Myristyl amino-terminal acylation of murine retrovirus proteins: An unusual post-translational protein modification

Abstract

The primary structure of the NH ₂ -terminal region of the gag gene encoded internal membrane-associated protein p15 has been determined for both Rauscher and Moloney murine leukemia viruses. Peptides generated by endopeptidases and purified by HPLC were subjected to semi-automated Edman degradation. Dipeptides obtained with dipeptidyl carboxypeptidase were identified by gas chromatography-mass spectrometry. The amino acid sequence of the first 16-residue segment of Rauscher p15 is identical to the sequence of Moloney p15 except for a single amino acid substitution (Gly→Asp) at position 13. Both proteins were found to have an acylated NH ₂ terminus.

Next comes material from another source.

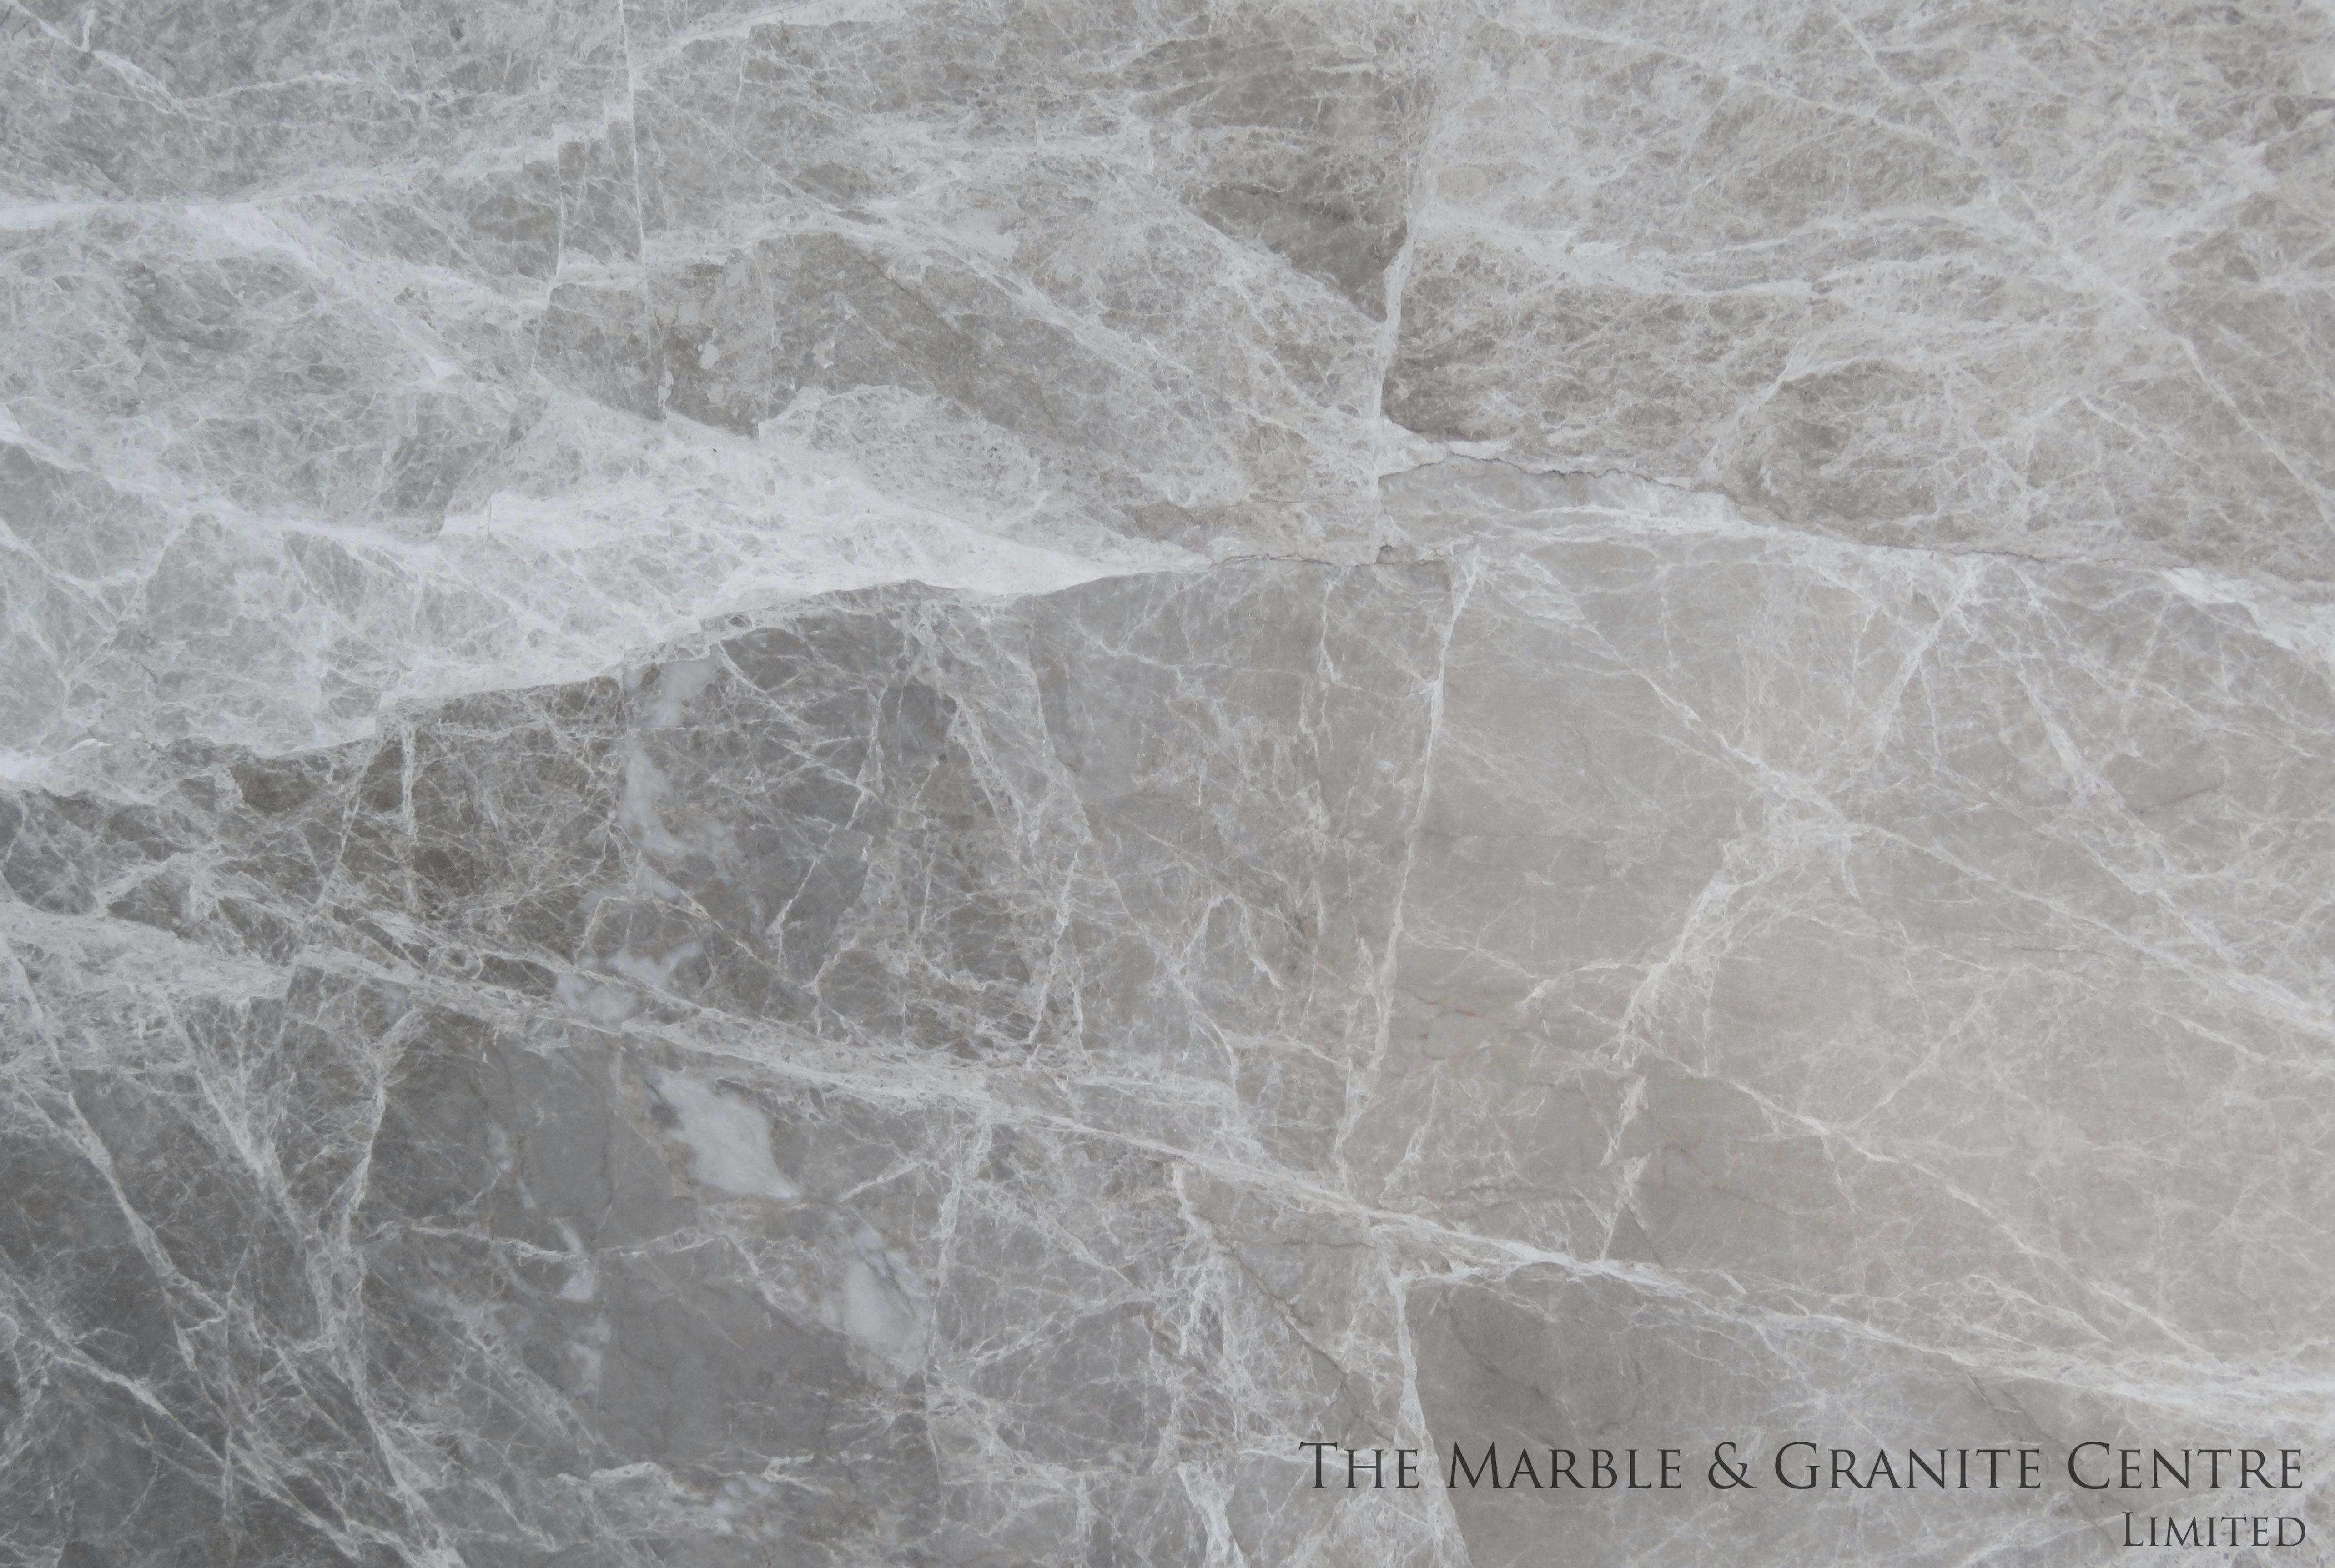 Marble Emperador Grey Polished Kamen Interer Seryj

By mass spectroscopy, myristic acid [CH ₃ (CH ₂ ) ₁₂ COOH] was found to be bound through an amide linkage to the NH ₂ -terminal glycyl residue in both p15s. The results of liquid chromatography show that the NH ₂ -terminal myristyl group greatly contributes to the strong binding of these modified proteins and peptides to hydrophobic surfaces. Because p15 is known to be derived from the NH ₂ -terminal region of a precursor polyprotein Pr65 ^gag by proteolytic cleavage in the assembled virus, it is suggested that myristylation in vivo takes place during the biosynthesis of Pr65 ^gag . Preliminary data indicate that such modification of gag precursor polyproteins may be common to mammalian retroviruses. The role of NH ₂ -terminal myristyl acylation of Pr65 ^gag in virus assembly and the possibility of similar NH ₂ -terminal modifications of gag -related fusion proteins of transforming viruses are discussed.